> [Problem]: Beginning with the line of the entries below that holds "Watch: Diogo Jota" and ending with the line that holds "Soonfire FD39 USB", transcribe each line exactly as written. Pictures stay out.

> [Dataset content]:
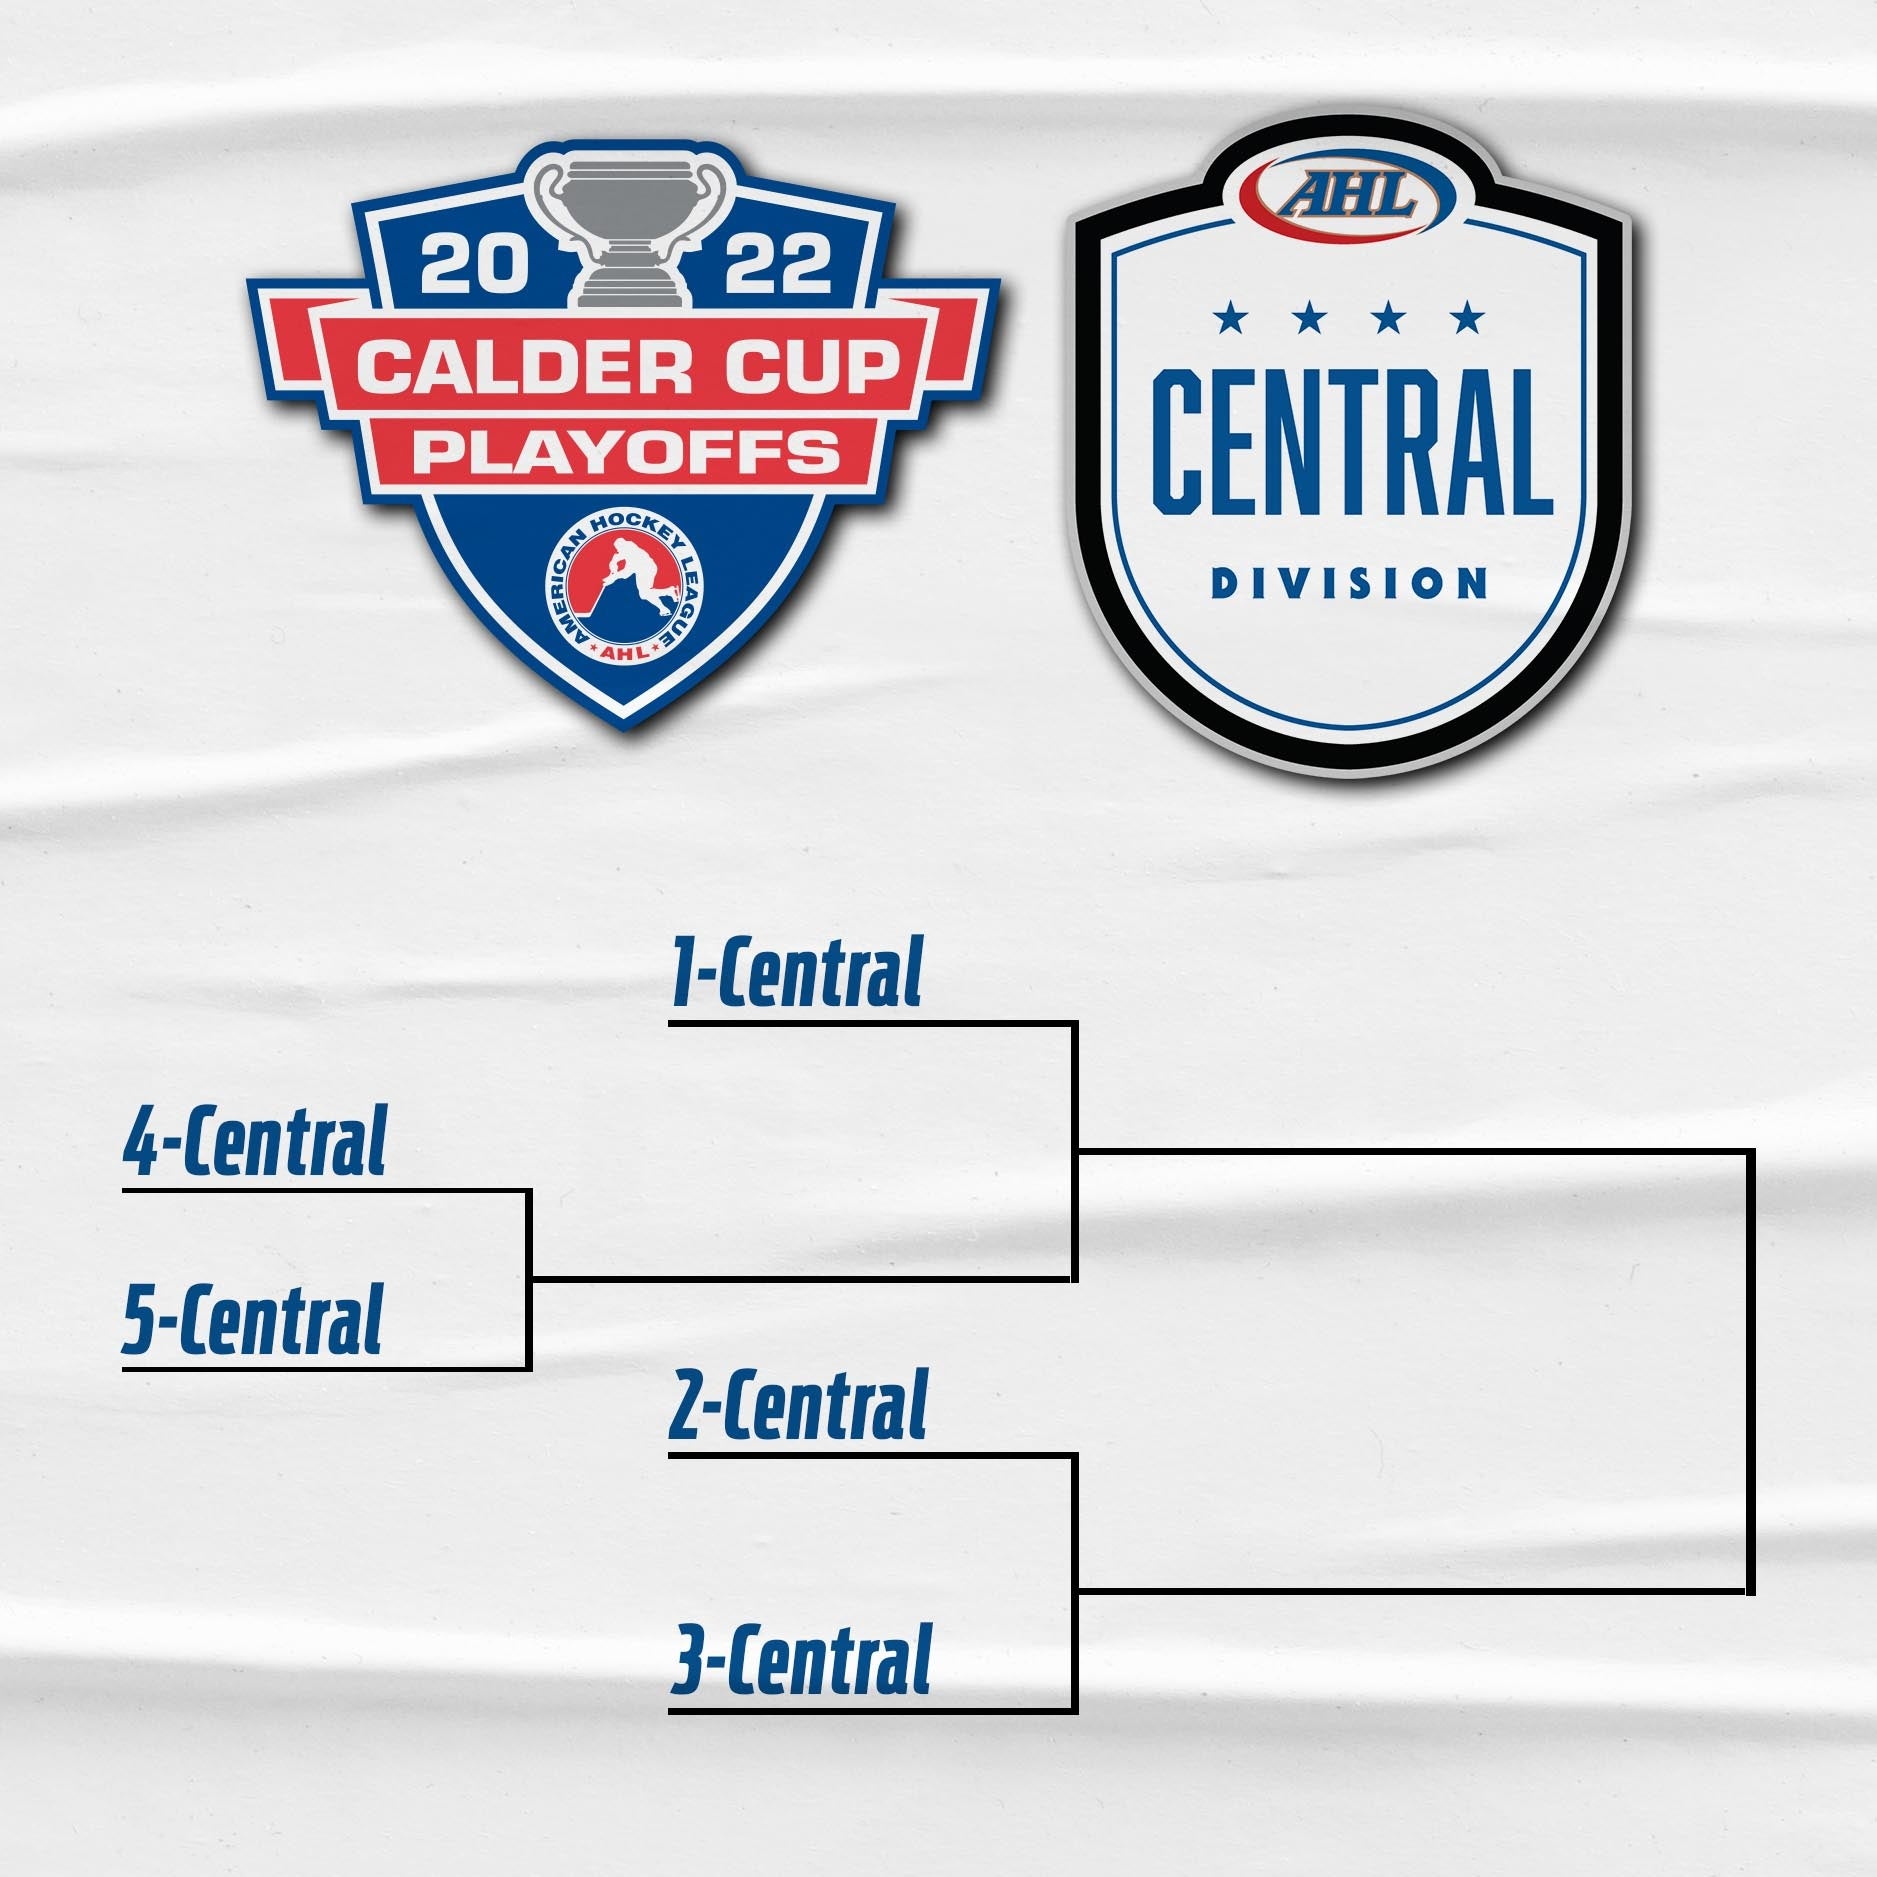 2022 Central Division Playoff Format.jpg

==

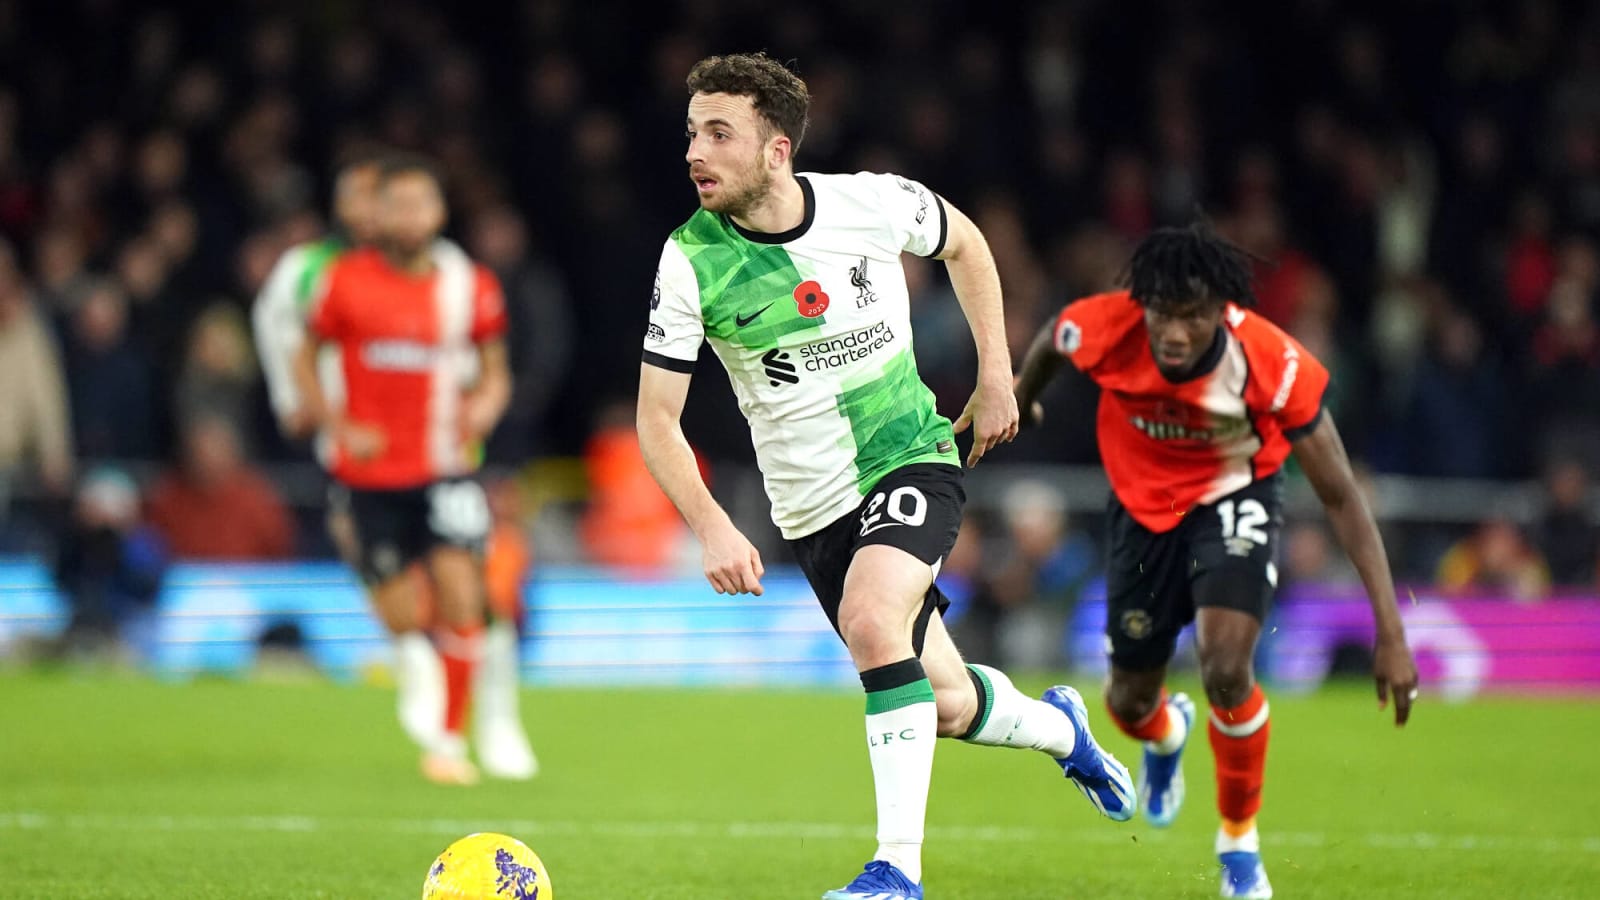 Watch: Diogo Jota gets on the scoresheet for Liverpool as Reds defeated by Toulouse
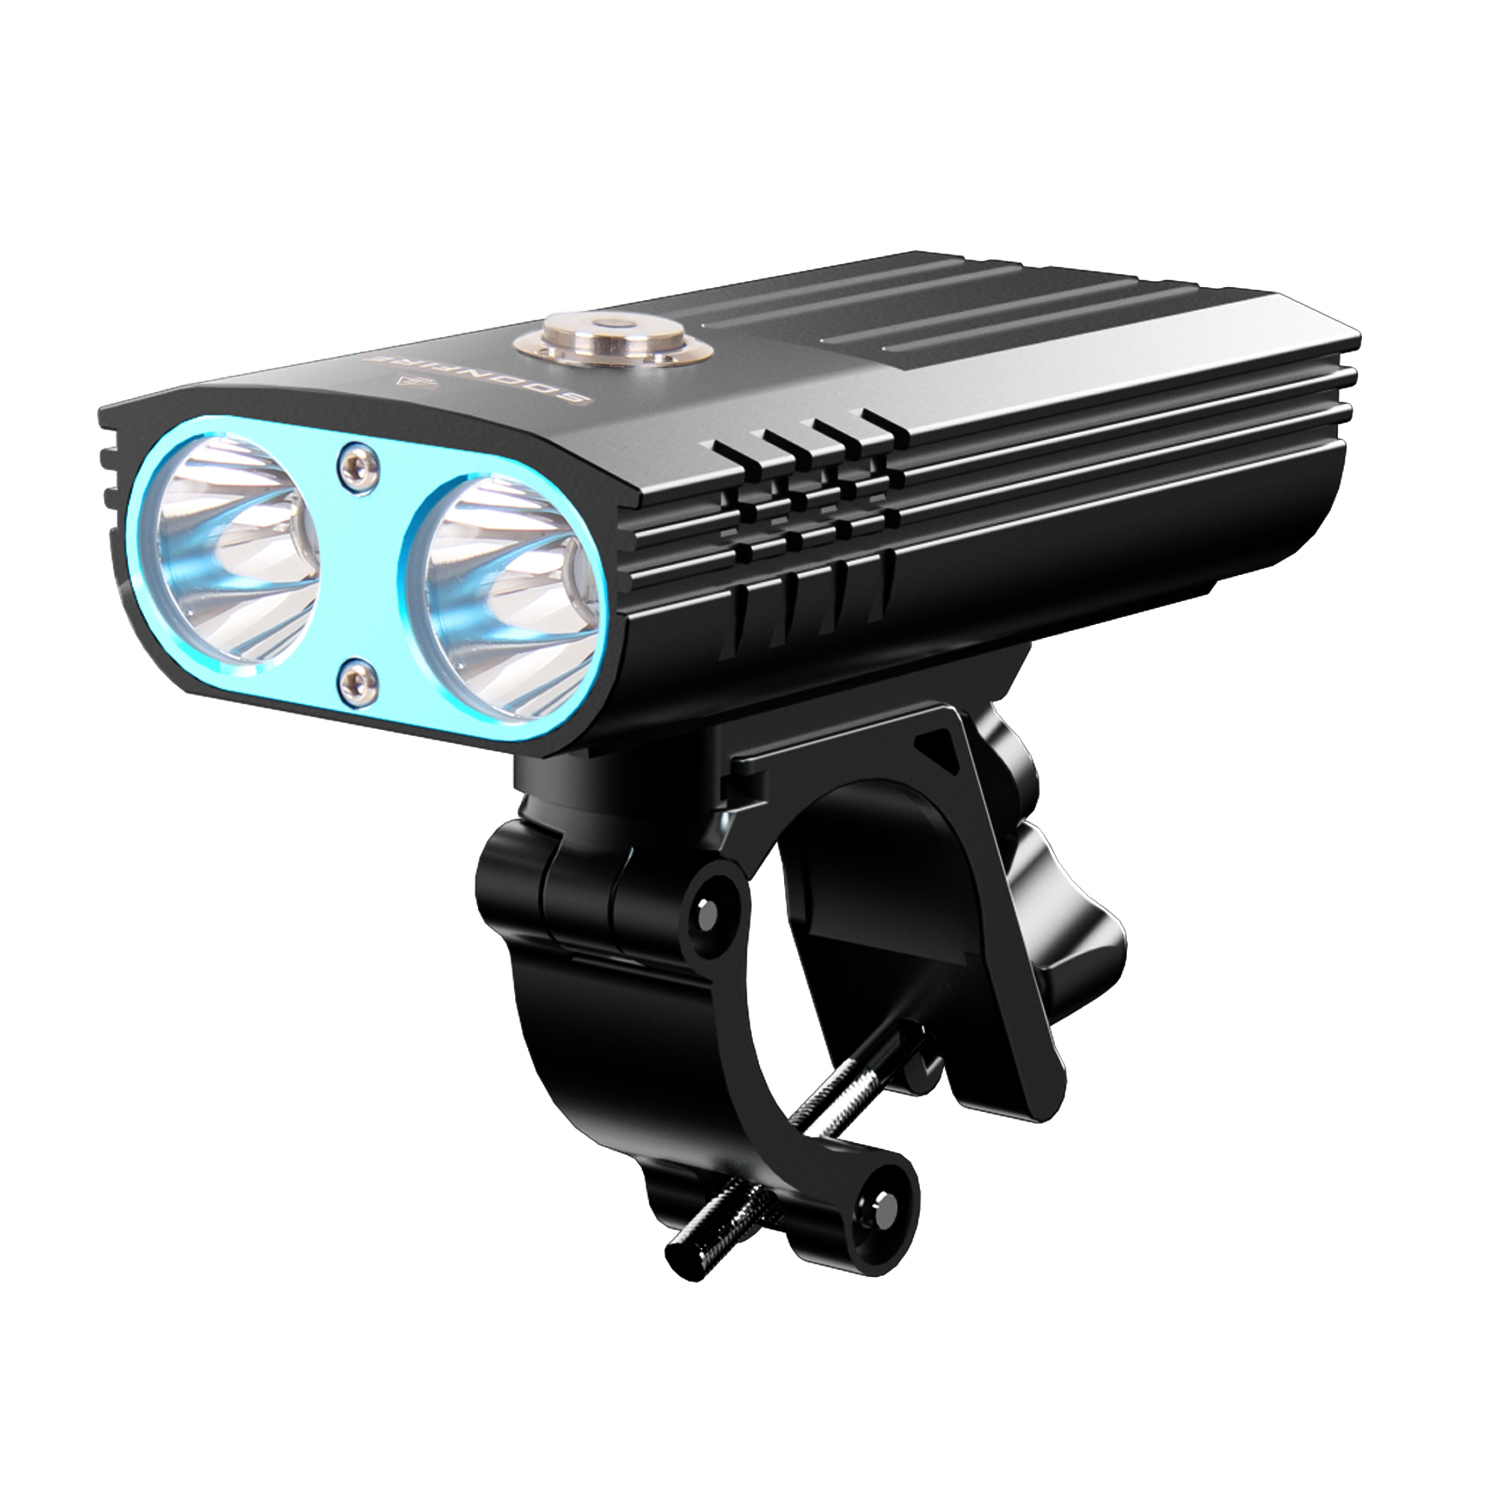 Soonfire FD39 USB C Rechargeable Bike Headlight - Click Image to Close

...

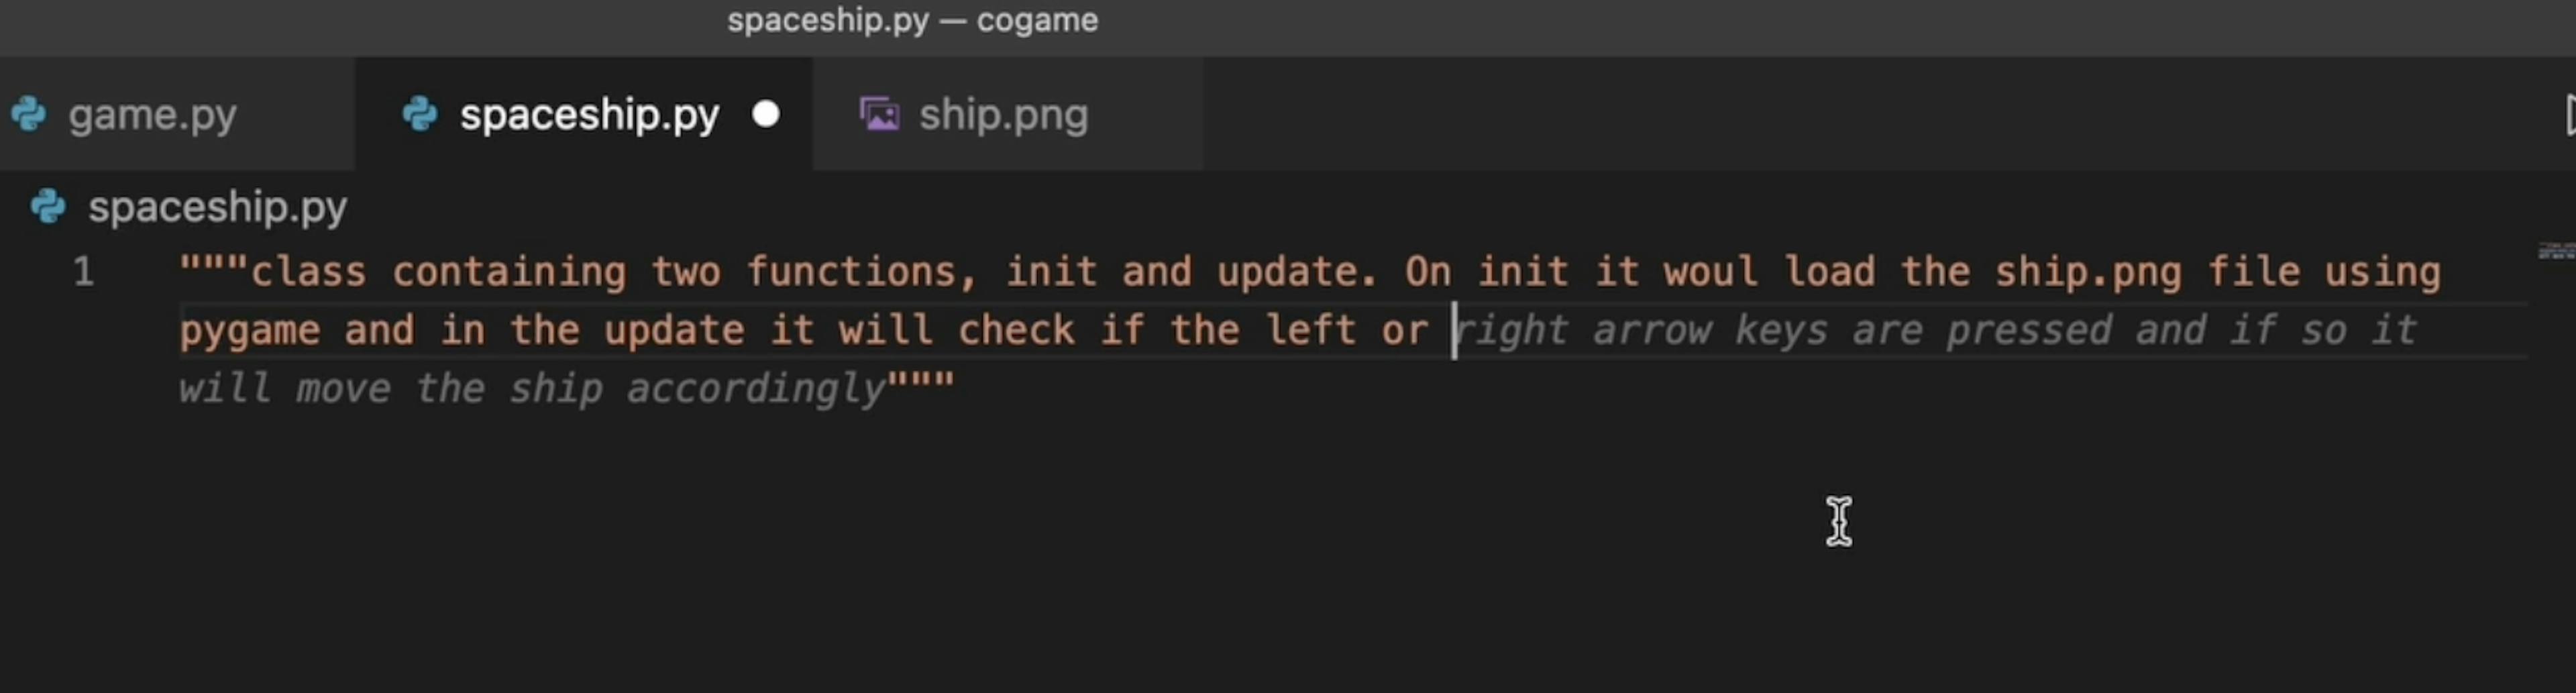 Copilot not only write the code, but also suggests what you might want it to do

> [Task answer]:
 Watch: Diogo Jota gets on the scoresheet for Liverpool as Reds defeated by Toulouse
 Soonfire FD39 USB C Rechargeable Bike Headlight - Click Image to Close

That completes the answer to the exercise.